= Balthasar Permoser =

German sculptor (1651–1732)

Balthasar Permoser (13 August 1651 - 18 February 1732) was among the leading sculptors of his generation, whose evolving working styles spanned the late Baroque and early Rococo.

==Biography==
Permoser was born in Kammer bei Waging, Salzburg, today a part of the Bavarian town of Traunstein. He was trained first in Salzburg, in the workshop of Wolf Weißenkirchner the Younger and in Vienna, where he learned the art of ivory carving, before he left in 1675 on a trip to Florence to work for Giovanni Battista Foggini, in whose studio he remained fourteen years, maturing his style. Called to Dresden in 1689 by Johann Georg III, Elector of Saxony, he executed two monumental garden sculptures of Hercules.

In 1697, on the way to Italy once more, Permoser remained almost a year in his old haunts during which he sculpted the atlantes for the west doorway of the Hofstallung in Salzburg. In the years 1704-1710, he worked at the Schloß Charlottenburg near Berlin.
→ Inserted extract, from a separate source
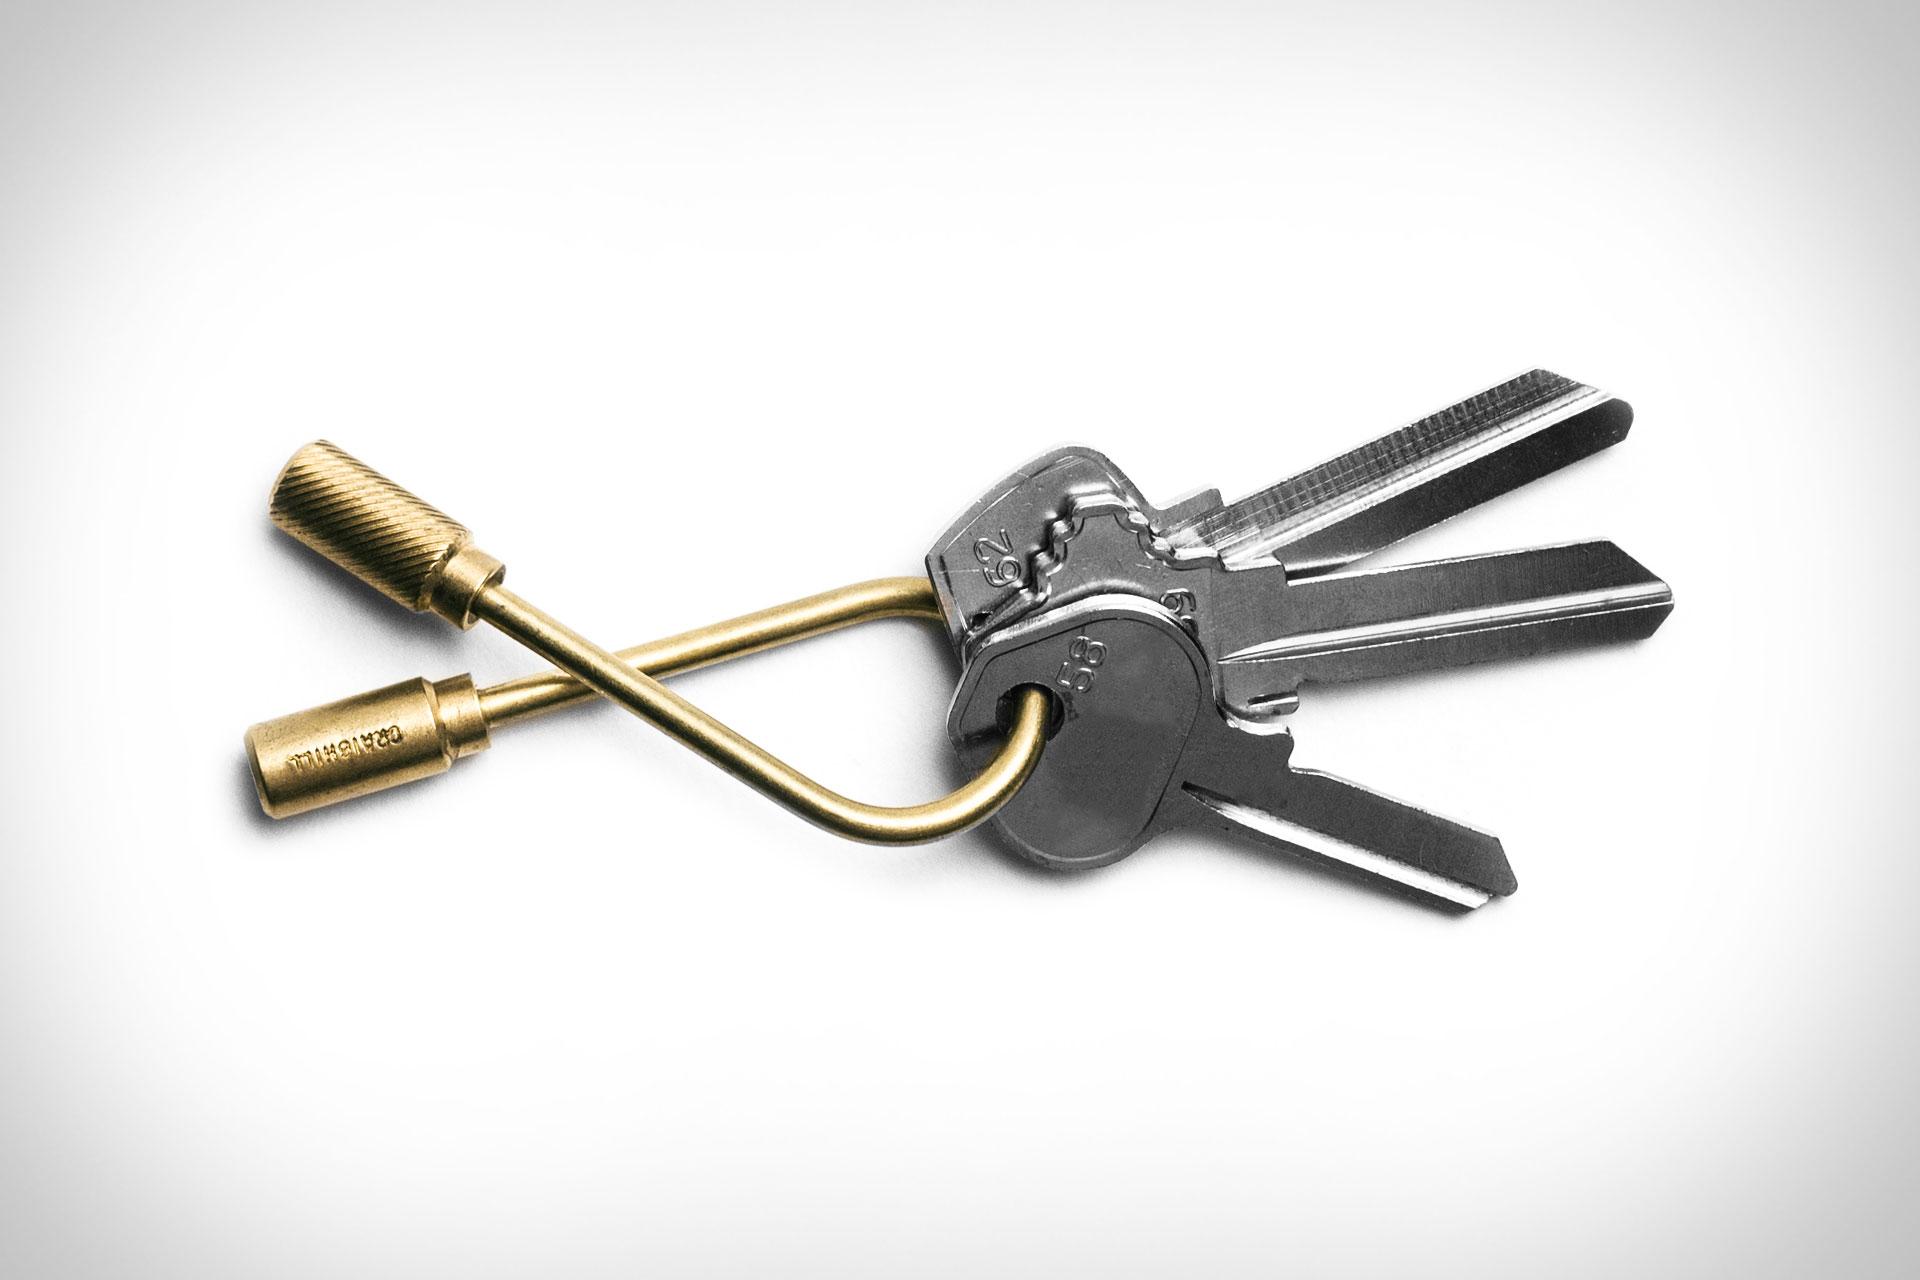 Craighill Helix keychain

In 1710, Permoser returned to Dresden to collaborate with the architect Matthäus Daniel Pöppelmann on the Zwinger palace, built 1710-28 for Augustus the Strong, Elector of Saxony, where he provided full-blown Roman Baroque sculptural details; for the Wallpavillon he provided six of the twelve festive, flexing, grimacing atlantes for which he is most remembered. For the Zwinger he also provided the sculptures for the Nymphenbad fountain. He died in Dresden.

Permoser's most famous independent, free-standing sculpture is an over-lifesize marble Apotheosis of Prince Eugene (1718-21; Österreichische Galerie Belvedere, Vienna), where the main figure, depicted with the attributes of Hercules, and secondary figures of Fame and a fallen Turk are linked in a tour-de-force of complicated Berninian diagonals that did not satisfy Prince Eugene of Savoy's classicizing taste. His two polychromed wood figures of St Augustine and St Ambrose, made for the high altar of the Dresden Hofkirche (1725), are in the Stadtmuseum, Bautzen, while the sculptural pulpit he carved for the chapel of Augustus was relocated in the Hofkirche, begun in 1738. He also provided sculpture for the wall-tomb of Sophie of Saxony and Wilhelmine Ernestine of the Palatine, in the Freiberg Cathedral.
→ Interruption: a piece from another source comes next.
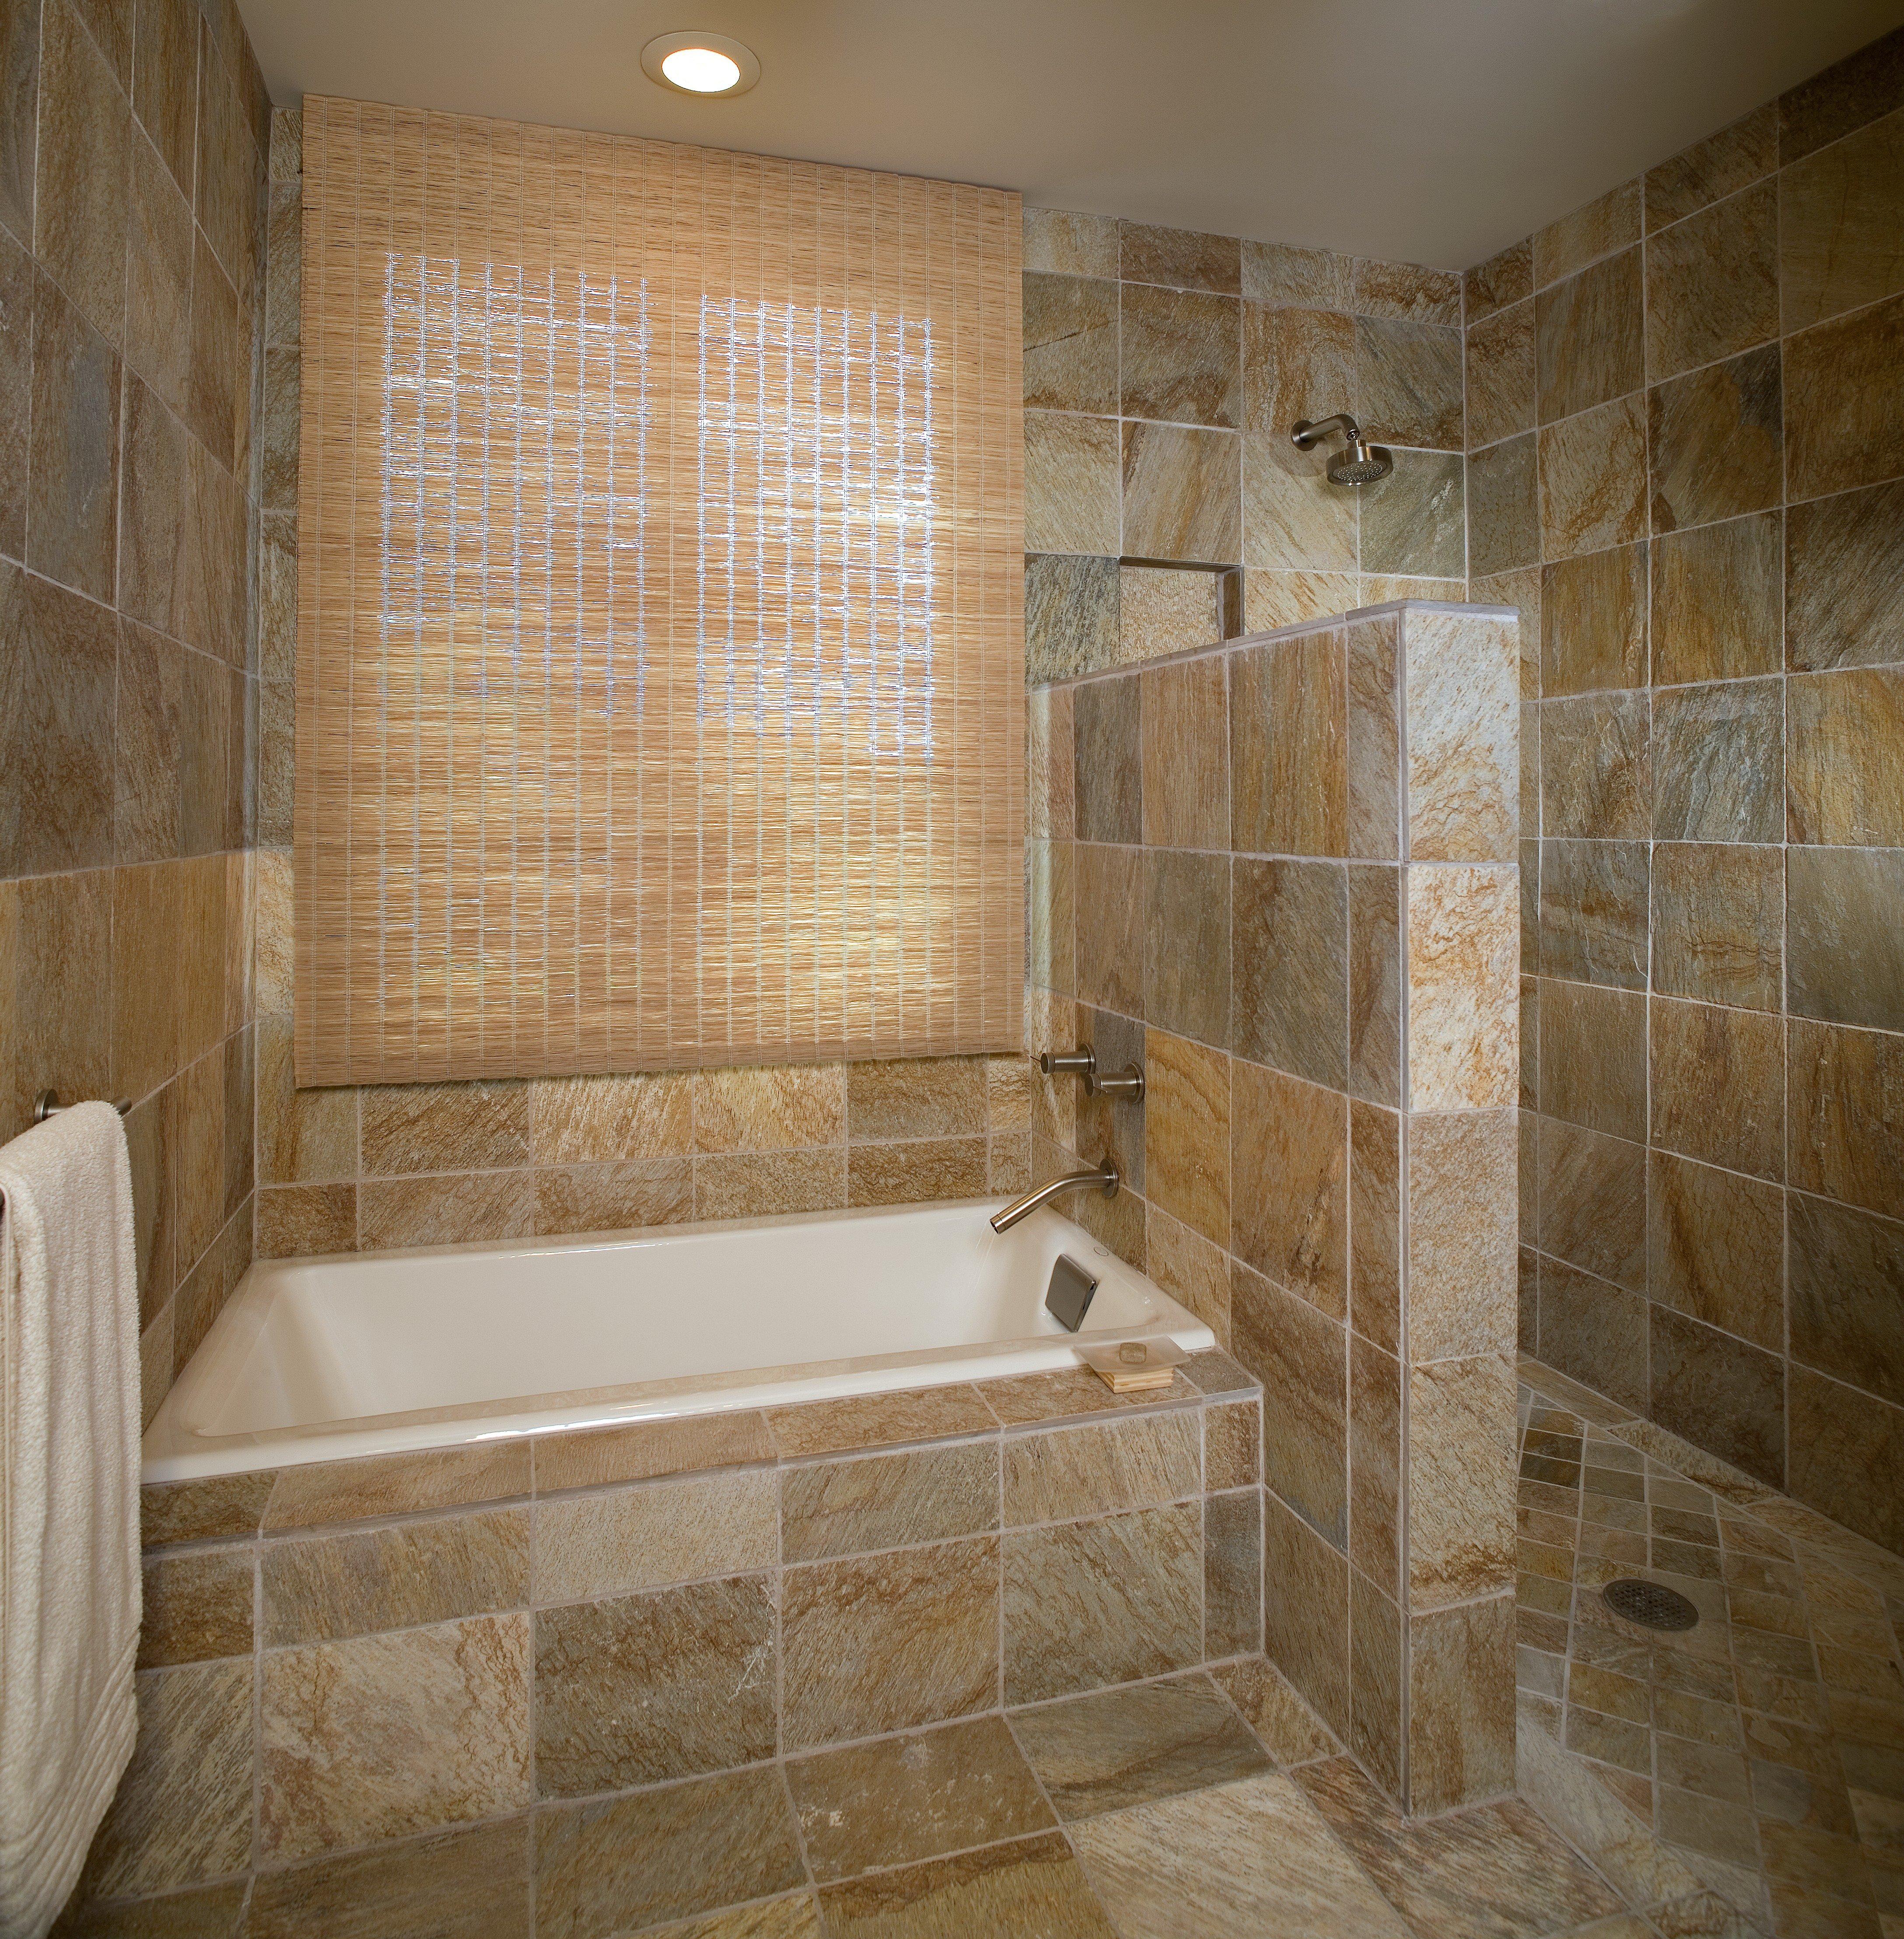 Bathroom remodeling where money is spent on bathroom remodeling JGRZARM

Permoser collaborated as a modeller in the Dresden workshops of Johann Melchior Dinglinger, court jeweller to Augustus; notable examplars of this kind of collaboration are the two sculptures of Moors by Permoser, encrusted with jewelled decor by Dinglinger, in the Neues Grünes Gewölbe, Dresden. Permoser provided models to be executed in polished red stoneware at Augustus' manufactory at Meissen, notably a series of commedia dell'arte figures, ca 1710-12, that are the precursors of the porcelain figurines made first at Meissen and copied by manufactories all over Europe.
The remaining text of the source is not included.